At June 26, 2015, $22.6 million of our debt was classified as current, as these payments are expected to be made within the next fiscal year.
In addition to the additional borrowing capacity under our receivable securitization program, we have a $250.0 million revolving credit facility. At June 26, 2015, we had no borrowings or letters of credit outstanding against our revolving credit facility. As such, the entire $250.0 million under the revolving credit facility was available for borrowing at June 26, 2015.

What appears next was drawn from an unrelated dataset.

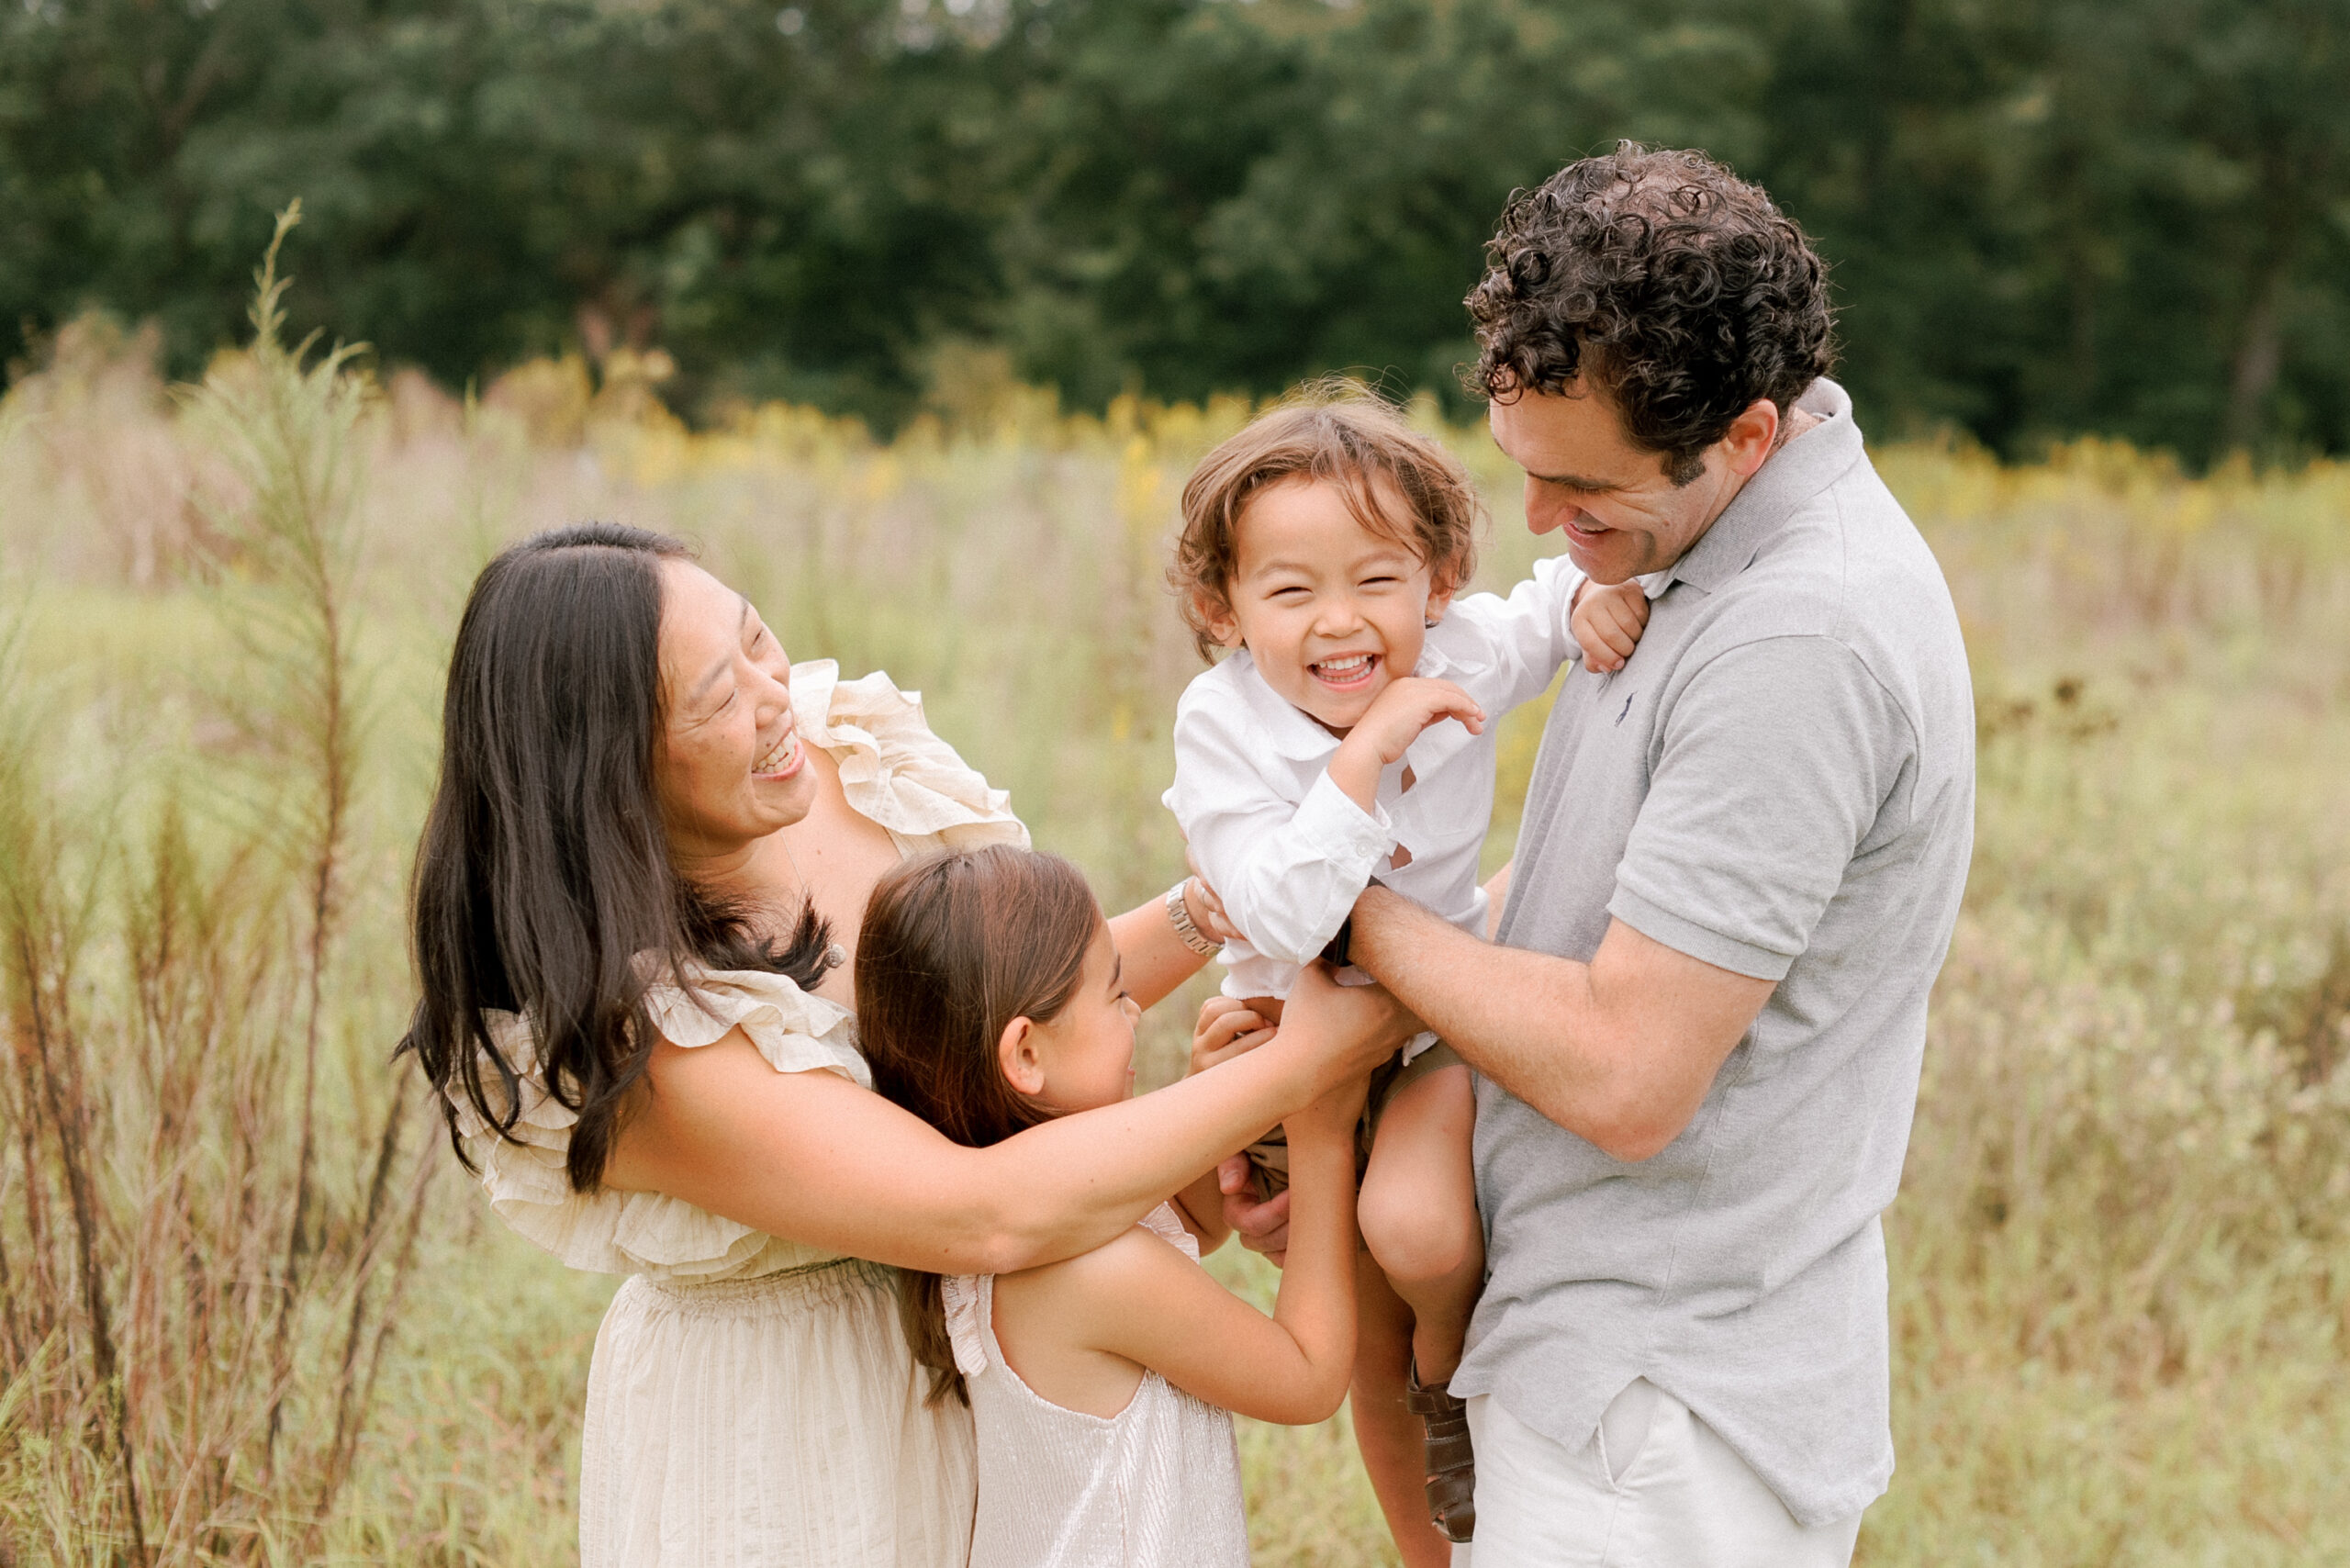 We're sharing our tips and tricks for getting the most out of your family photography. Learn from our years of experience as Raleigh family photographers!
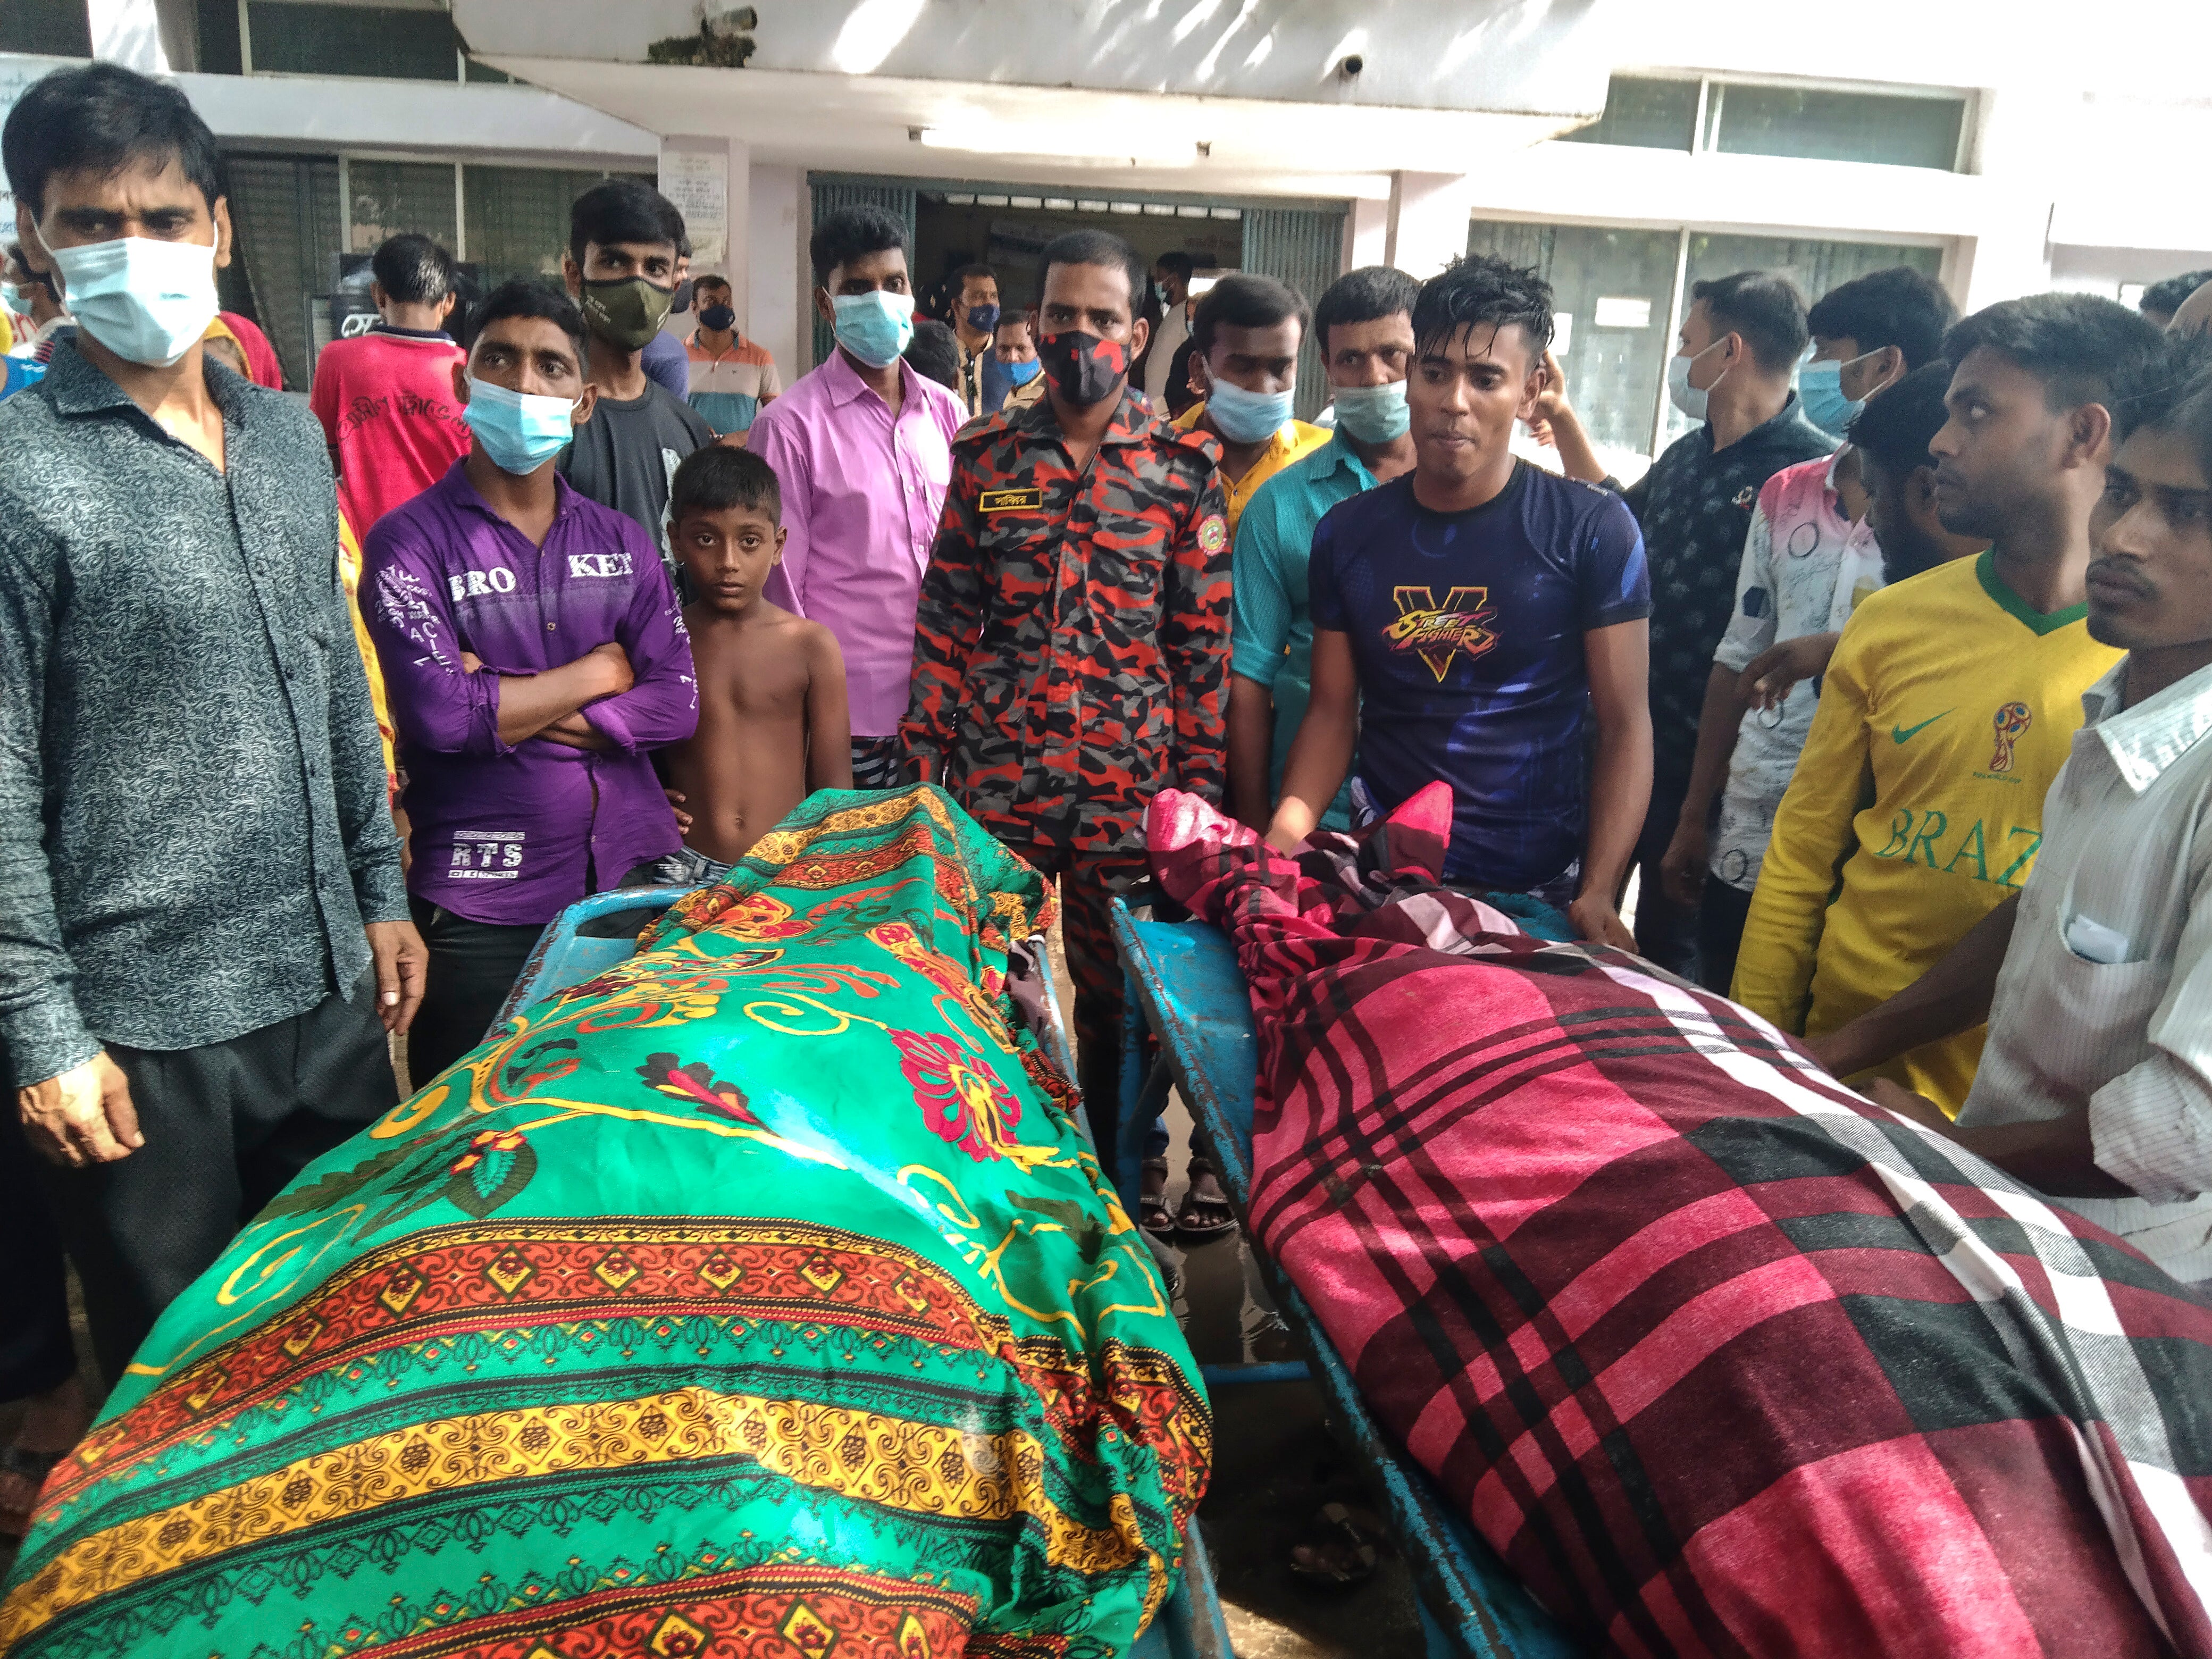 People gather around bodies of victims after lightning killed more than a dozen people in Shibganj town, about 245 kilometres northwest of Dhaka, Bangladesh on 4 August 2021

As of June 26, 2015, we were, and expect to remain, in compliance with the provisions and covenants associated with our debt agreements.
For additional information regarding our debt agreements, refer to Note 11 of Notes to Condensed Consolidated Financial Statements.
In January 2015, our Board of Directors approved a share repurchase program of up to $300.0 million of ordinary shares. No purchases had been made under this program as of June 26, 2015.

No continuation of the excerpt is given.